Das 7 ohne fa hat also scheinbar auch kein Multi-Touch, dann wird es wohl wenn dann das 7f, auch wenn ich das eckige vom 7 mochte. Danke schon mal für den tollen Tipp


----------



## Hansvonwurst (22. Juni 2012)

*AW: Android-Tablet RAM-Größe und Seitenverhältniss*

Ach, die waren unter Arnovatech...
Kein Wunder, dass ich bei Archos nichts gefunden hab!


----------



## Conqi (22. Juni 2012)

*AW: Android-Tablet RAM-Größe und Seitenverhältniss*

Ich finds echt besch... eiden, dass so selten Angaben über die Akkugrößen gemacht werden. Das Archos Arnova 7b (das Bild scheint zum 7 ohnd b/d/f zu gehören) spricht mich nämlich noch mehr an als das 7f. Es ist fast das gleiche, lediglich das Design ist ein anderes mit größeren Lautsprechern und 4 statt 8GB Speicher (hab eh ne SD-Karte) und scheinbar kleinerem Akku.

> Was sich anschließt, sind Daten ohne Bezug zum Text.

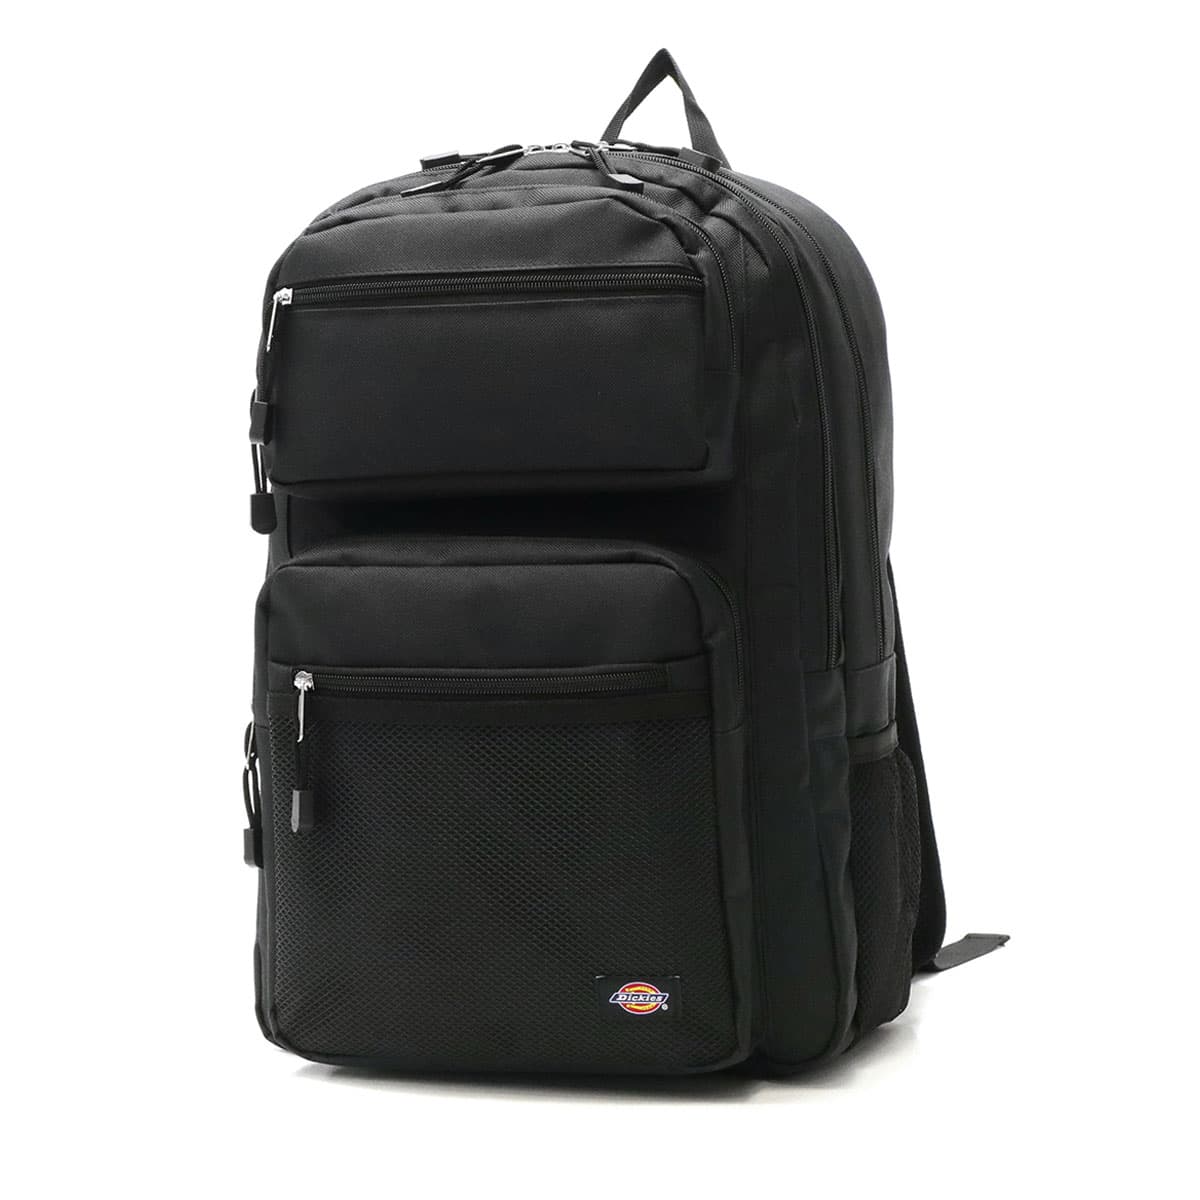 Dickies ディッキーズ 2 FRONT POCKET BACKPACK リュックサック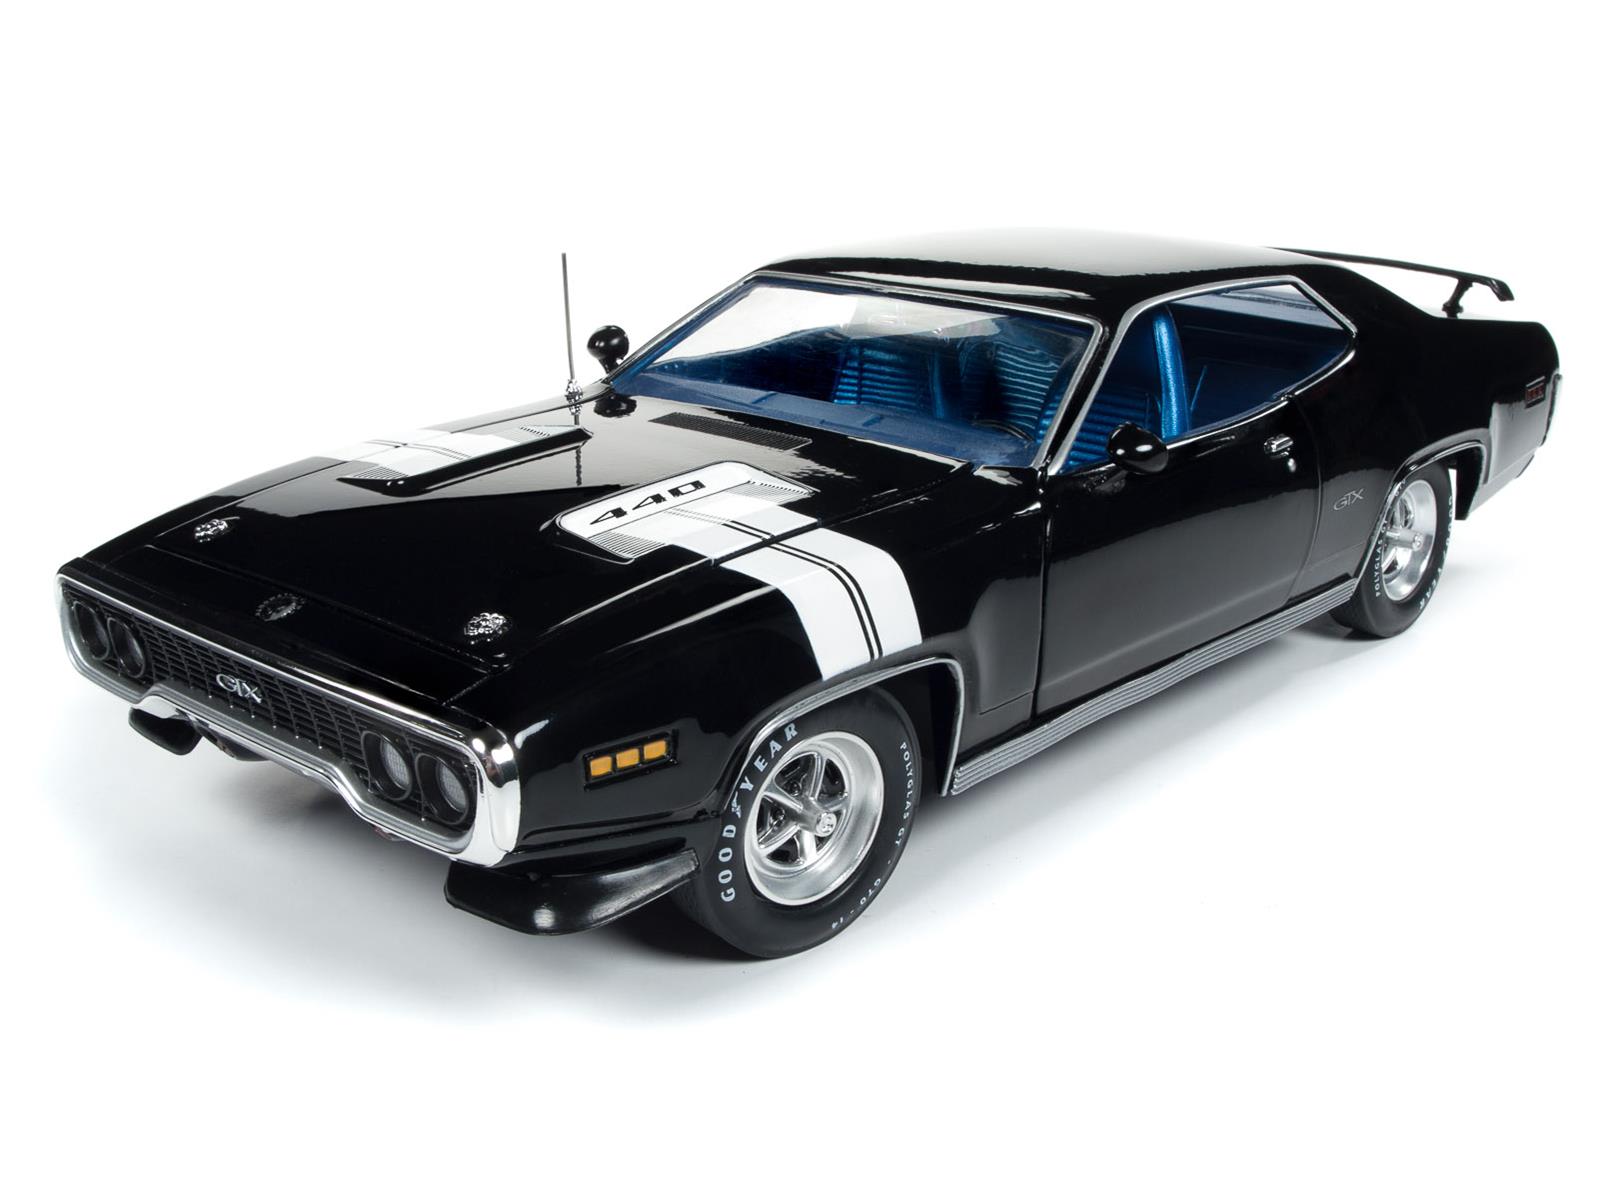 Summit Gifts AMM1133 1:18 Scale 1971 Plymouth GTX Hardtop Diecast Model |  Summit Racing

Zumindest ist das Ladegerät kleiner, 5V 1,5A statt 5V 2A. Ist dann wirklich gleich der Akku kleiner? Das kostet nämlich nur 100 statt 130 Euro und da könnte ich mit den paar kleinen Abstrichen gut leben.


----------



## Schnitzel (26. Juni 2012)

*AW: Android-Tablet RAM-Größe und Seitenverhältniss*

Ich hab das Odys Xelio hier.
Für das was ich damit machen will reicht das vollkommen, und mein Profil sieht so ähnlich aus wie deins.
Filme schauen (auch in HD) geht Problemlos, surfen geht gut.
zugegebenermaßen stockt es ab und an mal, das aber wirklich nur bei sehr aufwändigen Seiten.
Die üblichen Spiele laufen auch gut, wobei ich da aber nicht übermäßig was ausprobiert habe, wenns weiter hilft kann ich da aber gerne mal was testen.
E-Books kann man damit auch gut lesen, ich finde das Display dafür voll ausreichend.
Akku reicht so 7-8 Stunden bei normalen GEbrauch, wenn man nur liest auch etwas länger - wir haben aber erst so 5-6 Ladevorgänge, kann sein das sich da noch was ändert.


----------



## debalz (26. Juni 2012)

*AW: Android-Tablet RAM-Größe und Seitenverhältniss*

Hatte letztens das Archos G9 kurz bei mir getestet, welches wesentlich mehr als das Arnova kostet und musste es zurückschicken weil die Eingabe auf dem Tochscreen ziemlich schlecht war, d.h. z.b.beim Text tippen hat sich das Ding verselbstständigt so als ob Tasten einen Hänger hatten. Von daher würde mich die Erfahrung mit dem Arnova mal interessieren wenns denn soweit ist! Will nicht von meiner Einzelerfahrung mit Archos auf alle Archos Tablets schliessen..


----------